Apple Earnings Beat Forecasts, Easing Wall Street Concerns

Following Apple's (AAPL) release of first-quarter earnings, Wall Street analysts expressed relief as the company outperformed expectations and addressed declining iPhone sales in China.

Apple reported earnings per share of $2.40 on revenue of $124.3 billion, exceeding analysts' estimates of $2.35 EPS and $124.1 billion in revenue. Despite this, iPhone revenue in China fell by 11% year-over-year, with overall China sales declining more than anticipated.

However, Apple CEO Tim Cook attributed this decline to a strategic reduction in shipments to Greater China suppliers, indicating that it did not primarily reflect reduced demand. Cook also highlighted that iPhone Intelligence contributed to a record number of upgrades, suggesting that sales in China could improve when AI features receive government approval.

Analysts from JPMorgan and Citi maintained a Buy rating for Apple, citing the better-than-expected results and the potential for AI features to drive growth.

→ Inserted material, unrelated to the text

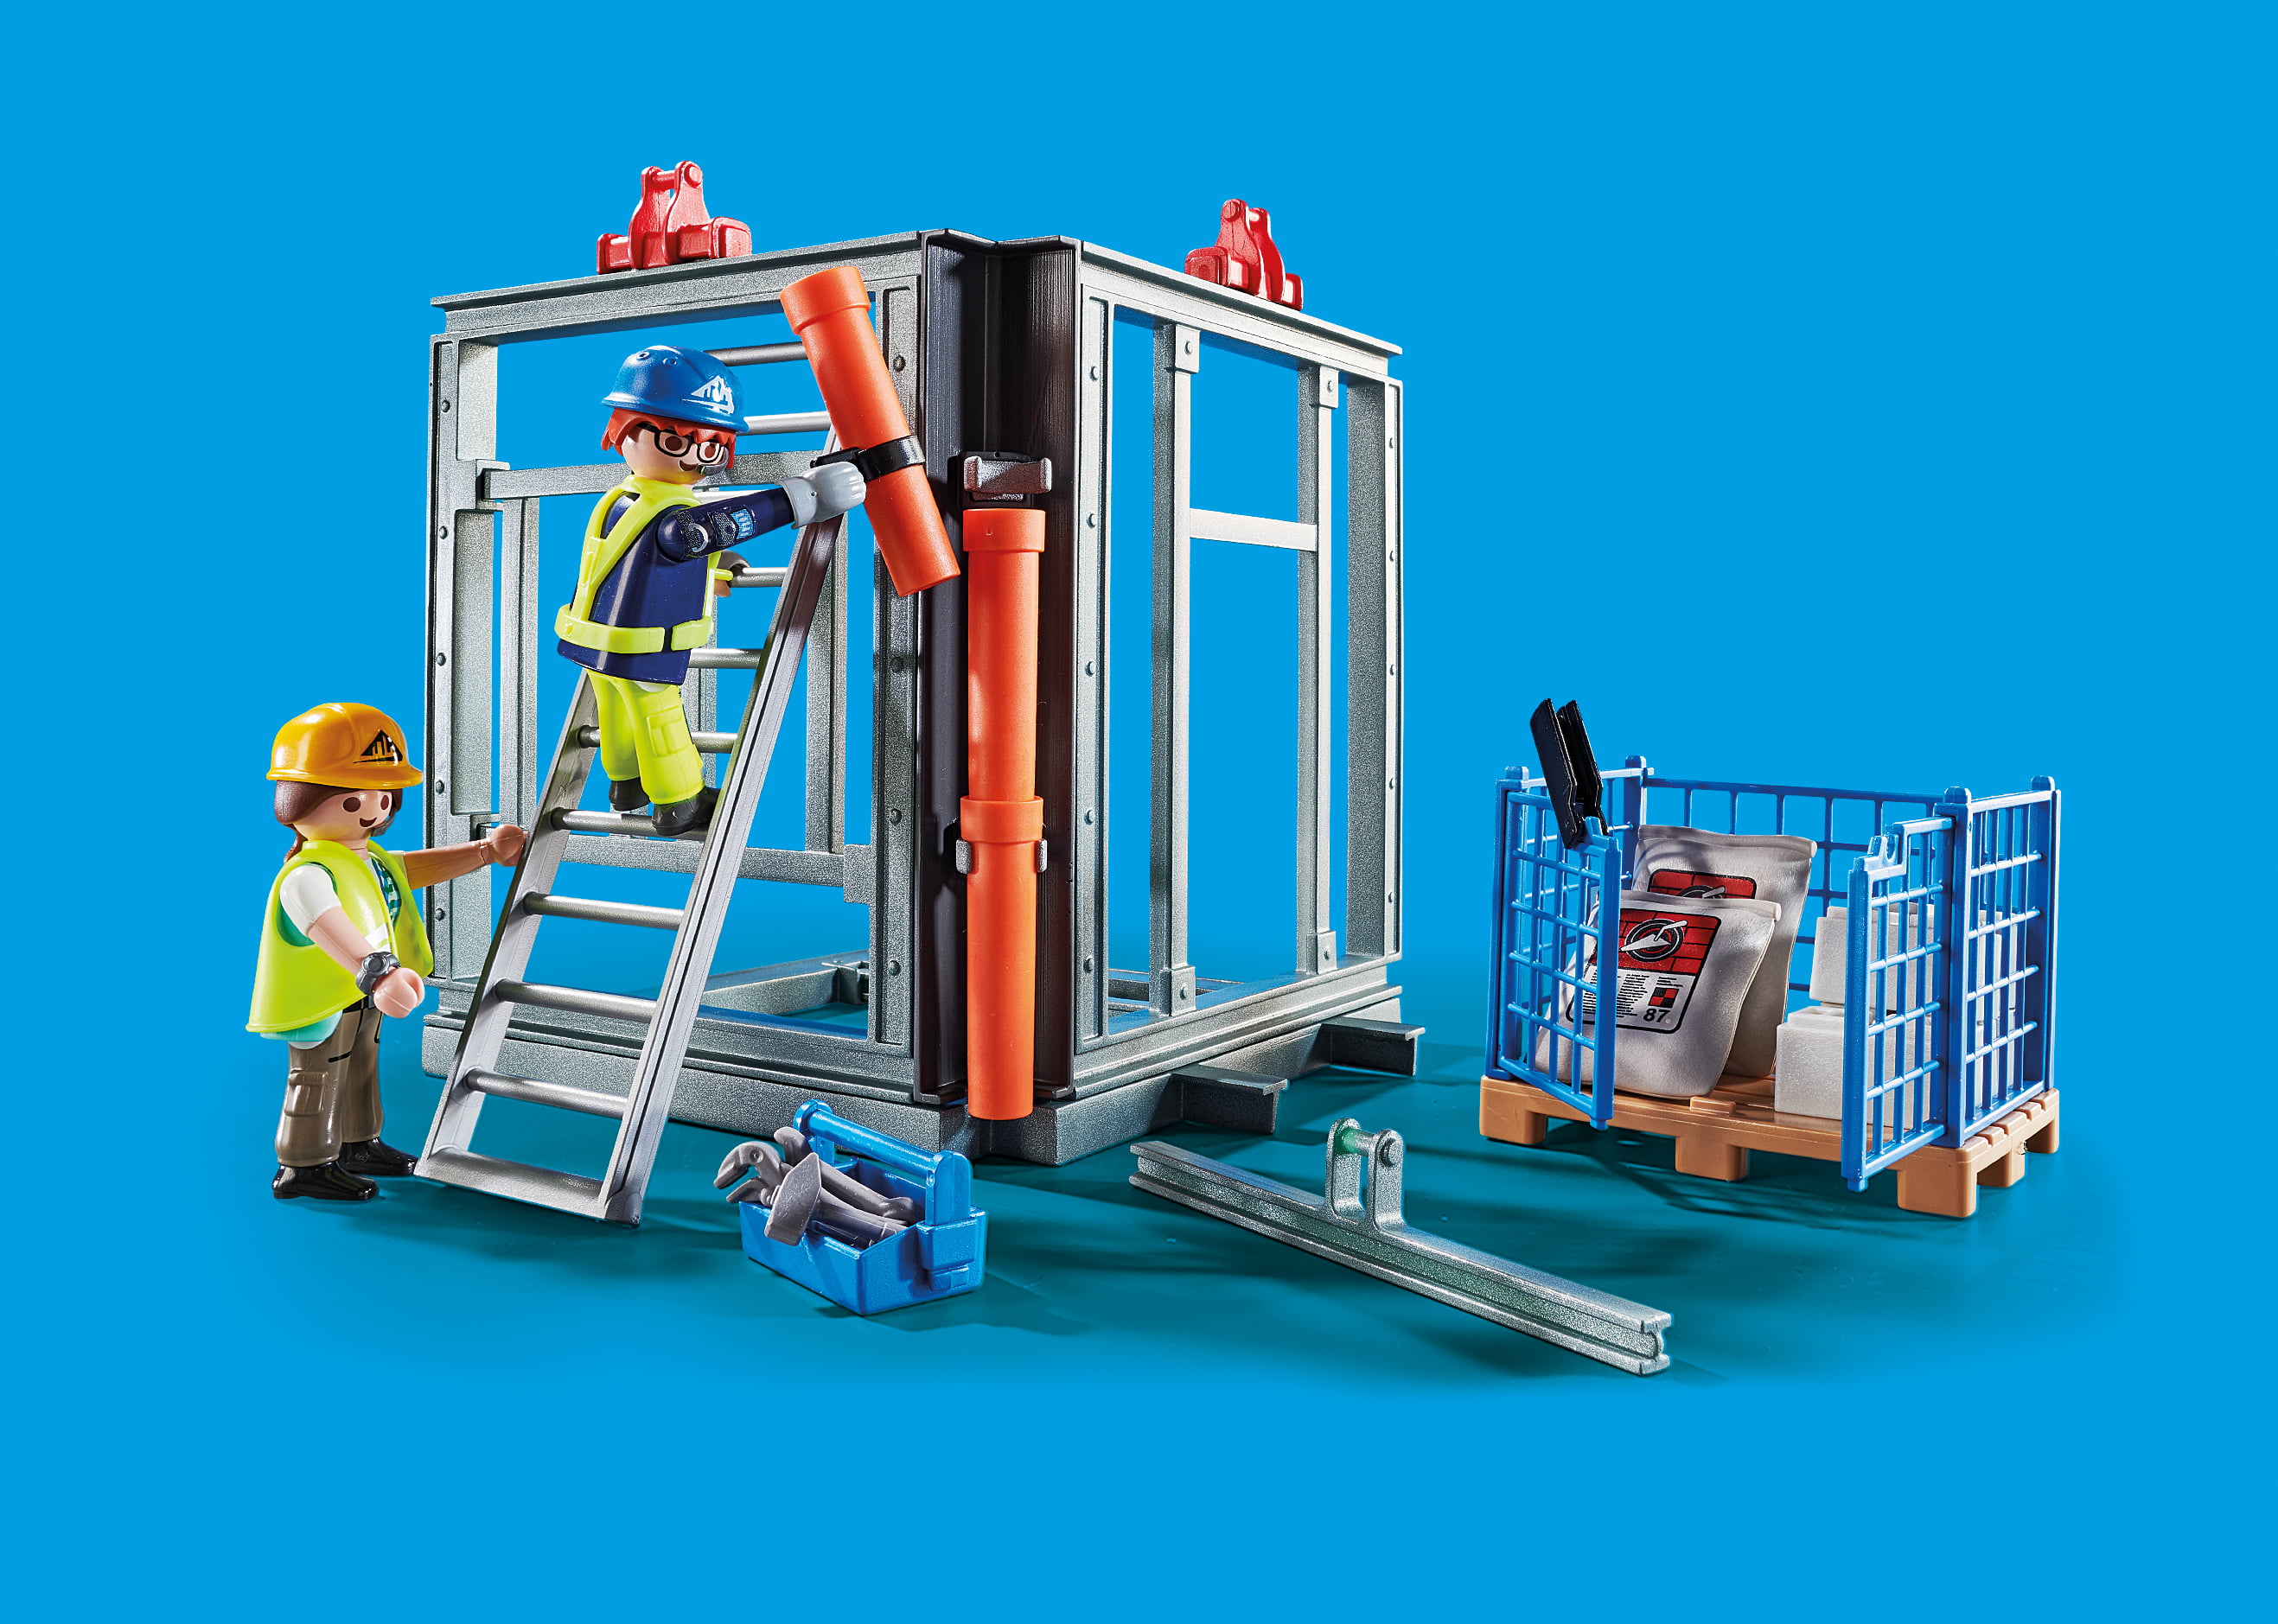 PLAYMOBIL 70441 City Action Construction Crane With Remote Control for sale online

Regarding the concerns about AI expenditure raised by a Chinese AI model, Cook emphasized Apple's prudent approach to capital allocation, which has contributed to its strong financial position.

Despite Apple being perceived as lagging behind in the AI race, analysts believe the company's strong ecosystem, hardware capabilities, and focus on privacy make it well-positioned to capitalize on on-device AI advancements.

Apple shares experienced a 3% gain in early trading following the earnings release. Jefferies analyst Edison Lee expressed skepticism about the growth potential of AI services, but most Wall Street analysts remain bullish on the stock.